Cases were considered as HER2-positive in case of IHC score 3+ and/or HER2 gene amplification by ISH, HER2-low-positive in case of IHC scores 1+ or 2+ in the absence of gene amplification by ISH and HER2-0 in case of IHC score zero. In the present study we complied with the terminology proposed by Denkert et al. in their pivotal study on HER2-low-positive landscape in early breast cancer6. HER2 expression was retrospectively retrieved from pathology records and evaluated according to ASCO/CAP recommendations in place at the time of diagnosis (the IHC assays for HER2 adopted were all FDA approved and were: until 2008 Hercept-Test®, DAKO [ref. number 2007333; 1:1000 dilution]; 2009–2011 Pathway®, Ventana [clone 4B5] [ref. number 780–4422; 1:3000 dilution]; since 2012 Bond Oracle®, Leica [clone CB11] [ref. number 780–4422, 1:1000 dilution])). However, given the temporary endorsement of the 30% cutoff of cell staining for defining HER2 positivity by ASCO/CAP recommendation in place from 2007 to 2013, all cases diagnosed in this time interval were reviewed by one expert pathologist to comply with the currently adopted 10% cutoff. In addition, 100 random matched cases underwent blinded revision by one expert pathologist, achieving an 85% agreement with the original report.

Estrogen receptor (ER) and progesterone receptor (PgR) expression were retrieved from the original pathology records. A 10% cutoff of ER/PgR expression was adopted for defining ER/PgR-positive cases. Cases were considered HR-positive in case of ER and/or PgR positivity, and negative in case of both ER and PgR negativity.

Residual proliferative cancer burden (RPCB) was evaluated in HR-positive/HER2-negative cohort by combining residual cancer burden (RCB) and post-treatment Ki67, as previously described41,43 and validated44. CPS-EG score was calculated based on clinical stage, pathological stage, grade, and ER status45,46.

Statistical analysis

IBM SPSS Statistics (version 22.0) software (IBM Corp, Armonk, NY, USA) was used to carry out statistical analyses.

Patient demographics and clinical characteristics were reported by applying descriptive statistics. In particular, for continuous variables mean, median, range values, and quartiles were calculated. Distribution of continuous variables across subgroups was assessed by applying Student-t test, and The Mann–Whitney and Kolmogorov–Smirnov nonparametric tests. Chi-squared test (χ2) was applied to compare categorical variables across groups.

The evolution of HER2 expression from primary breast cancer to residual disease after neoadjuvant treatment was graphically reported by building Sankey diagrams. pCR was defined as the absence of invasive residual disease in both breast and lymph-nodes (ypT0/is, ypN0). DFS was defined as the time from diagnosis to recurrence or death from any cause. Survival curves were estimated by applying the Kaplan–Meier method and the log-rank test was used to test for differences between groups.
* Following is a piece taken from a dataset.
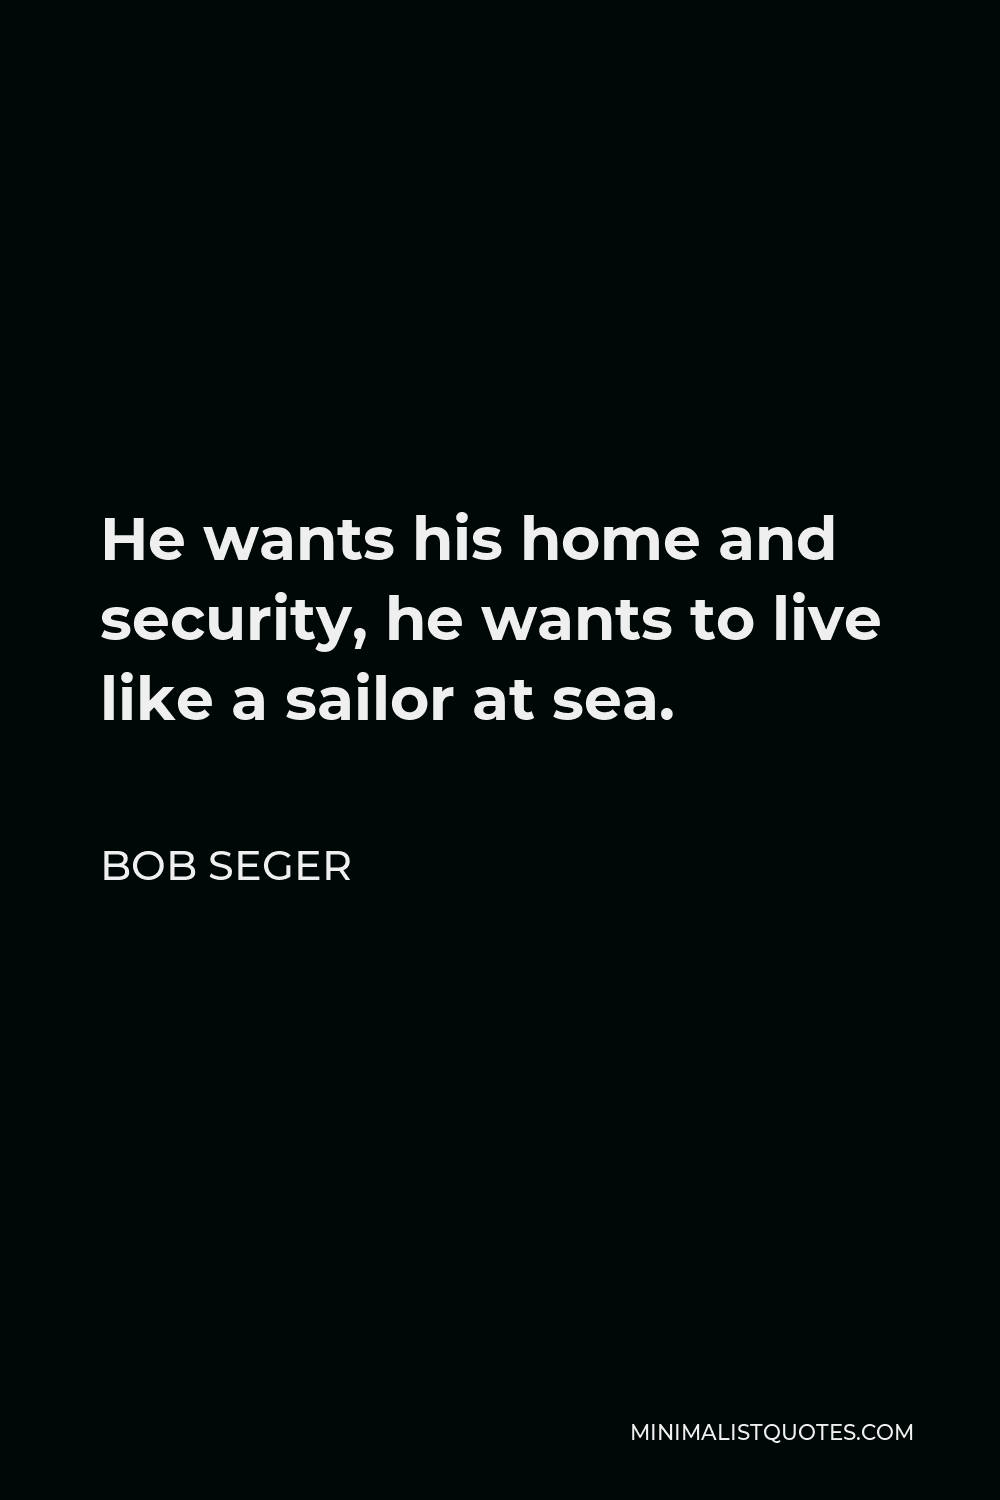 Bob Seger Quote - He wants his home and security, he wants to live like a sailor at sea.

The Cox-regression model was applied to calculate hazard ratios and 95% confidence intervals. All reported p-values are two-sided, and significance level was set at p < 0.05.

Ethical statement

In the present study tumor samples were collected after approval by the Institutional Review Board (Istituto Oncologico Veneto I.O.V.–IRCCS, Padova) and in accordance with the Declaration of Helsinki. All patients provided written-informed consent prior to inclusion into the study.

Reporting summary

Further information on research design is available in the Nature Research Reporting Summary linked to this article.